Homes remain out of reach for many people in Brighton and Hove, with prices averaging 12 times local incomes.
The figure comes from the National Housebuilding Federation which said: “Three years into the housing slump and homes in Brighton and Hove are still out of reach for thousands of households throughout the area.”
And the head of Brighton Housing Trust, Andy Winter, warned that people who were born and brought up in Brighton and Hove would be priced out of their home town.
He predicted rising rent arrears, rising mortgage arrears and a rise in family breakdown.
Both the federation and Mr Winter called for more homes to be built, with Mr Winter placing the emphasis on affordable housing.
The federation’s concerns are contained in a report published today called South East Home Truths 2010.
The report says that house prices across the South East region rose more than 11 per cent in the year to May and were rising faster than in any other region outside London.
The federation marked the publication of the report with a reception in the Houses of Parliament this morning.
MPs and councillors at the reception were told that house prices in the South East have risen three times faster than incomes over the past decade.
The average house price for Brighton and Hove in 2009 (£244,946) stood at nearly 12 times the average individual income (£20,925), according to the federation.
Even in the cheapest quarter of the market, homes cost an average of £164,000.
The federation added that the gross annual income needed for an average mortgage is £62,986.
It also pointed to more people turning to social housing, with 9,546 households in Brighton and Hove on waiting lists.
This, said the federation, represented a 27.3 per cent increase in the past five years.
It cited government projections suggesting that almost 40,000 new households will form in the South East every year to 2031.
And it expressed concern about the government’s decision to ditch regional housebuilding targets.
It said that as a result, many homes that had been planned would not be built.
The federation urged the government to
- invest in the building of affordable housing at scale
- ensure the new planning system requires all local authorities to robustly assess housing need and meet it, incentivising local communities to build more homes
- give housing associations flexibility in asset management so they can raise more private funds to pay for homes and community services
- set up a commission to examine proposed housing benefit cuts and put in place safeguards to protect the poorest people.
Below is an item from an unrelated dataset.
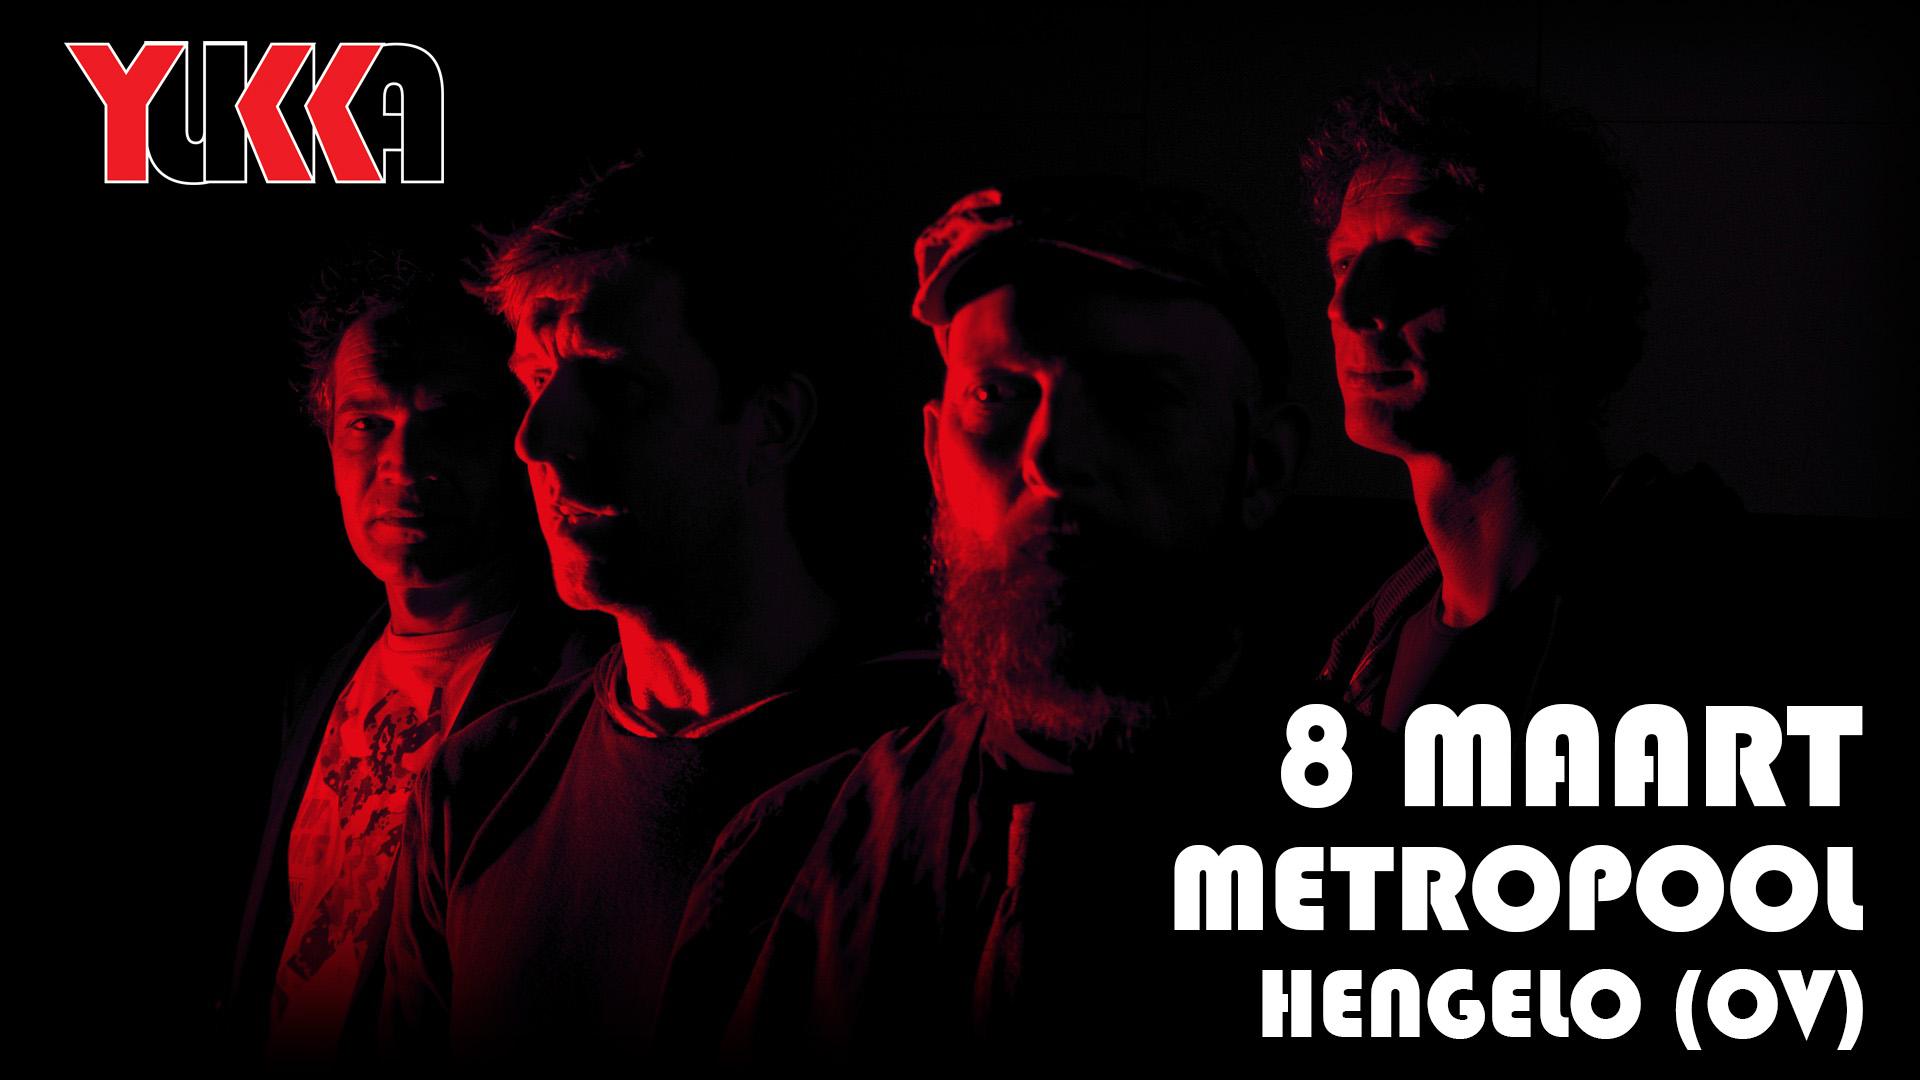 Yukka-new-ep-studio-moscow-march-8-2018-Metropool-Hengelo
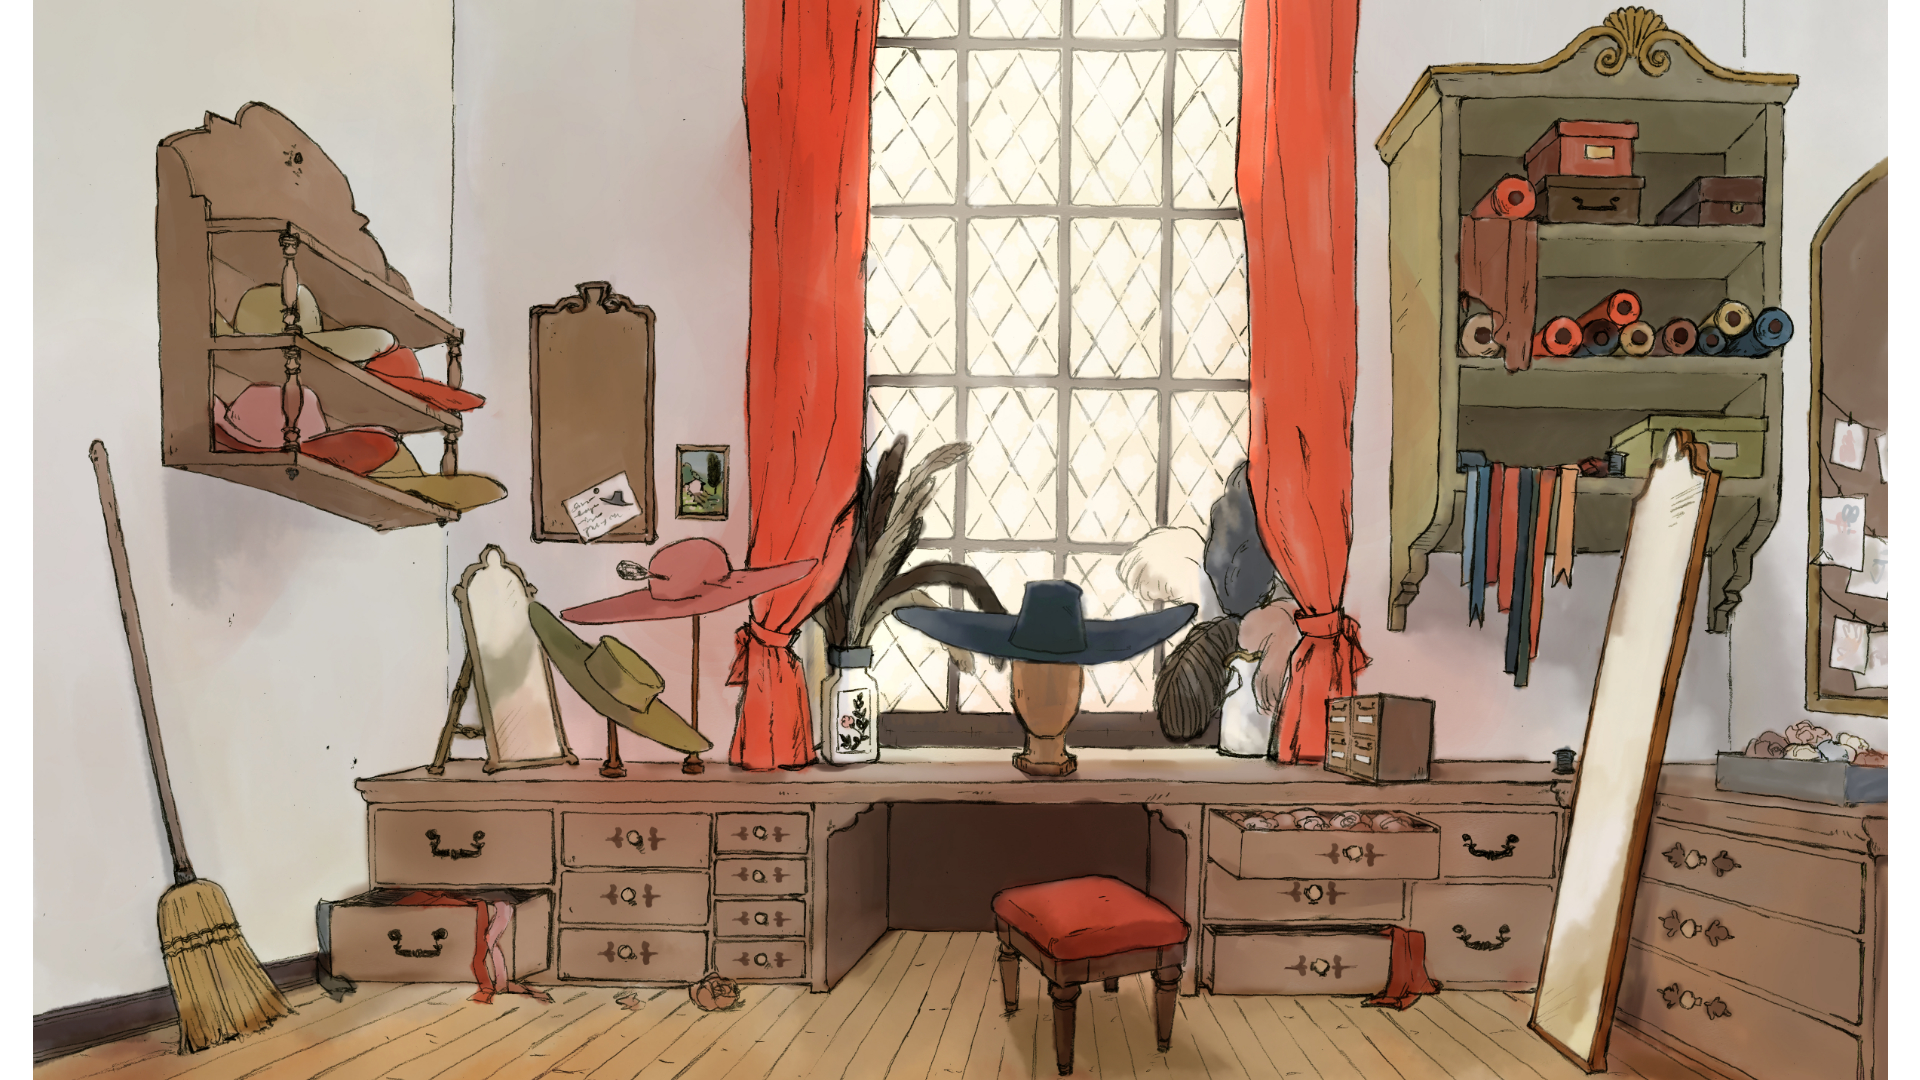 illustration BD Canada Nouveau-Brunswick non-profit jeunesse comics environment design BG

Warren Finney, the federation’s South East regional manager, said: “Housing need across the South East is reaching desperate levels and Brighton and Hove is no exception.
“With the government bringing in sweeping changes, the axing of regional spatial strategies and the challenges of the current economic climate, the emphasis is increasingly being placed on local authorities to ensure housing needs in their areas are being properly assessed and met.
“We are calling on central government to continue to invest in affordable housing and are urging local authorities to keep it high on their agenda.
“It’s vital that they continue to work with their local housing associations to ensure the supply of affordable homes doesn’t dry up.
“As public sector funding gets tighter than ever housing associations are a key part of the solution to meeting housing need and delivering other vital community services.”
Mr Winter, chief executive of Brighton Housing Trust, said: “Brighton and Hove is characterised by high property prices with a quarter of all households living in the private rented sector.
“The government is in the process of creating a radical new welfare benefit system that will last for at least the next decade.
“It threatens to bring increases in rent and mortgage arrears and added pressure on families resulting in increased family breakdown.
“There will be a widening gap between those who will be comfortable in spite of austerity cuts, and the rest – the squeezed middle, the working poor, and those out of work.
“This won’t be a society at ease with itself.
“There is an urgent need for government to be clear about how the country is to tackle this existing housing crisis, let alone the prospects of a worsening situation caused by the austerity measures being introduced.
“Unless there is a massive increase in the building of affordable homes in Brighton and Hove there’s a real risk that we will see an alarming outward migration of people, many of whom were born and brought up here.”